When I walk back into the bedroom, I find Jesse has calmed down slightly, but there is definitely still a hint on anger in his expression as he looks up at me.

‘Baby, come and free me, please.’ he pleads.

His sudden turn in mood has me suspicious and on my guard. I know his game, and I’m not falling for it. As soon as I free him, he’ll be on me like a lion before manhandling me into my running kit and dragging me around the streets of London. I’m not denying that I would love to have him all over me right this minute, but I’m not hanging about to be tortured by fourteen miles. Unfortunately, they come as a package deal.

I sit myself in front of the floor length mirror to start drying my hair. I glance in the reflection every now and again and see him watching me, but he just scowls and throws his head back like a brooding schoolboy whenever I catch him. I smile to myself.

I apply my make-up and smother myself in coco butter and when I put on the cream lace underwear set that Jesse bought me, I hear him whimper. I smile smugly to myself. I may as well.
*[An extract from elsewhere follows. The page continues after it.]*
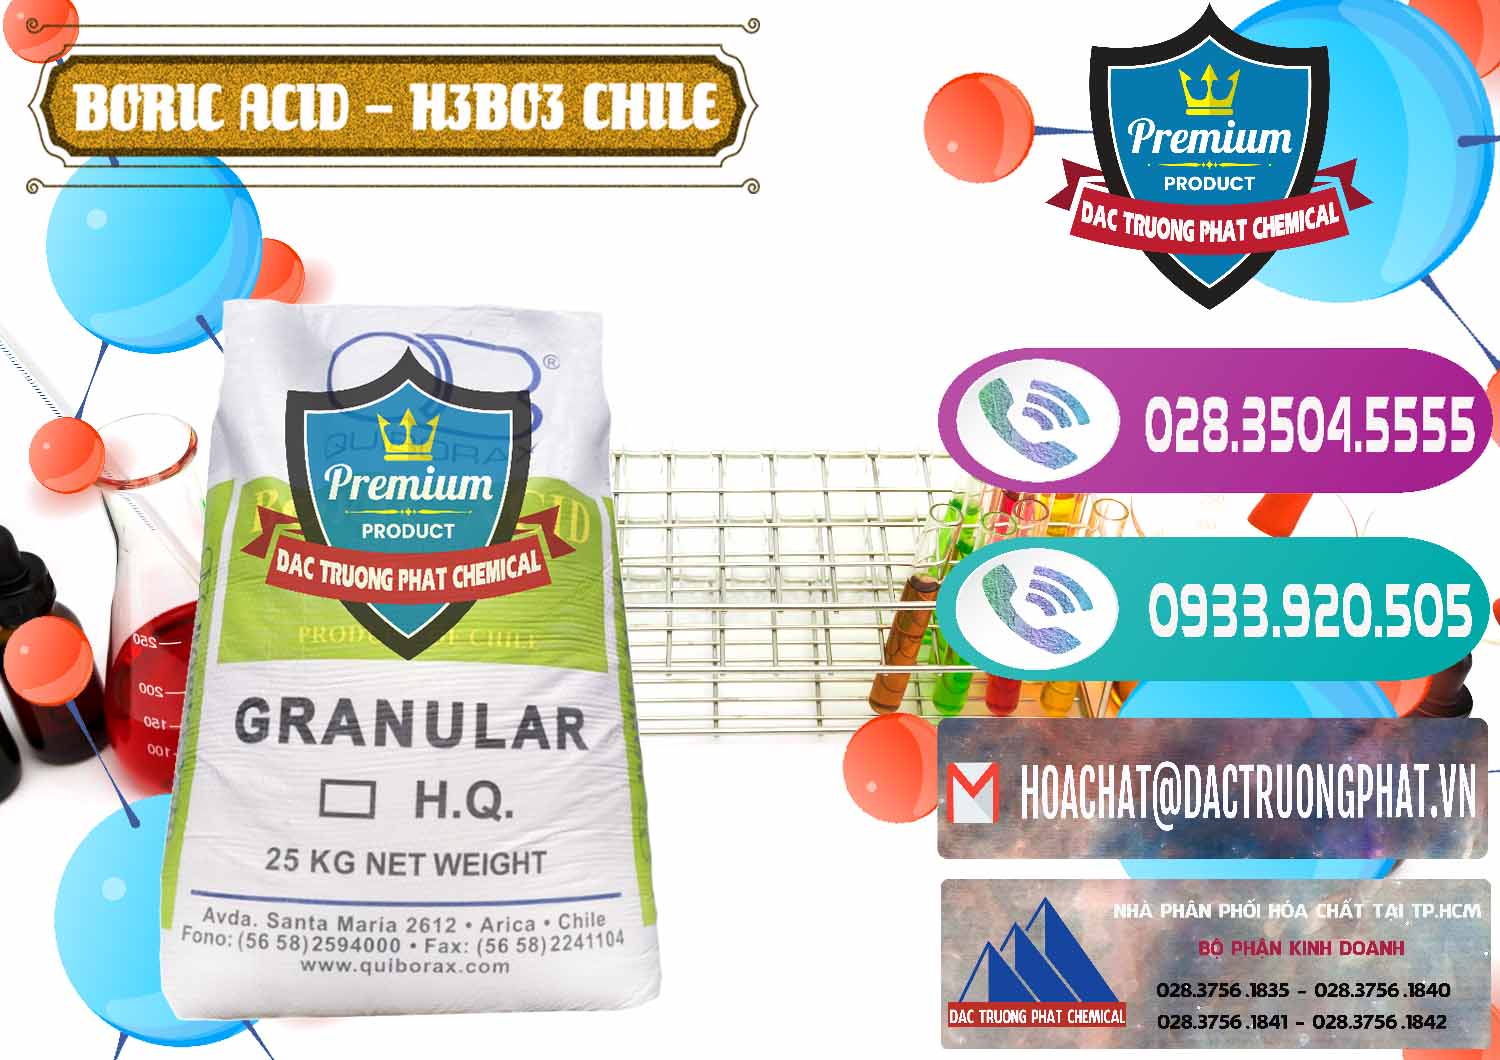 Đơn vị chuyên bán _ cung ứng Acid Boric – Axit Boric H3BO3 99% Quiborax Chile - 0281 - Nơi phân phối ( cung cấp ) hóa chất tại TP.HCM - hoachatxulynuoc.com

I don’t know how long I’m going to be holding this power. I slip my white ruffle blouse on with my black, slim fit trousers and black heels.

I’m ready. I walk over to my handcuffed man and lean down to drop a long, lingering kiss onto his parted lips. I don’t know why I’m doing this. My bravado is commendable.

He sighs and brings his knees up so the soles of his feet are flat on the bed.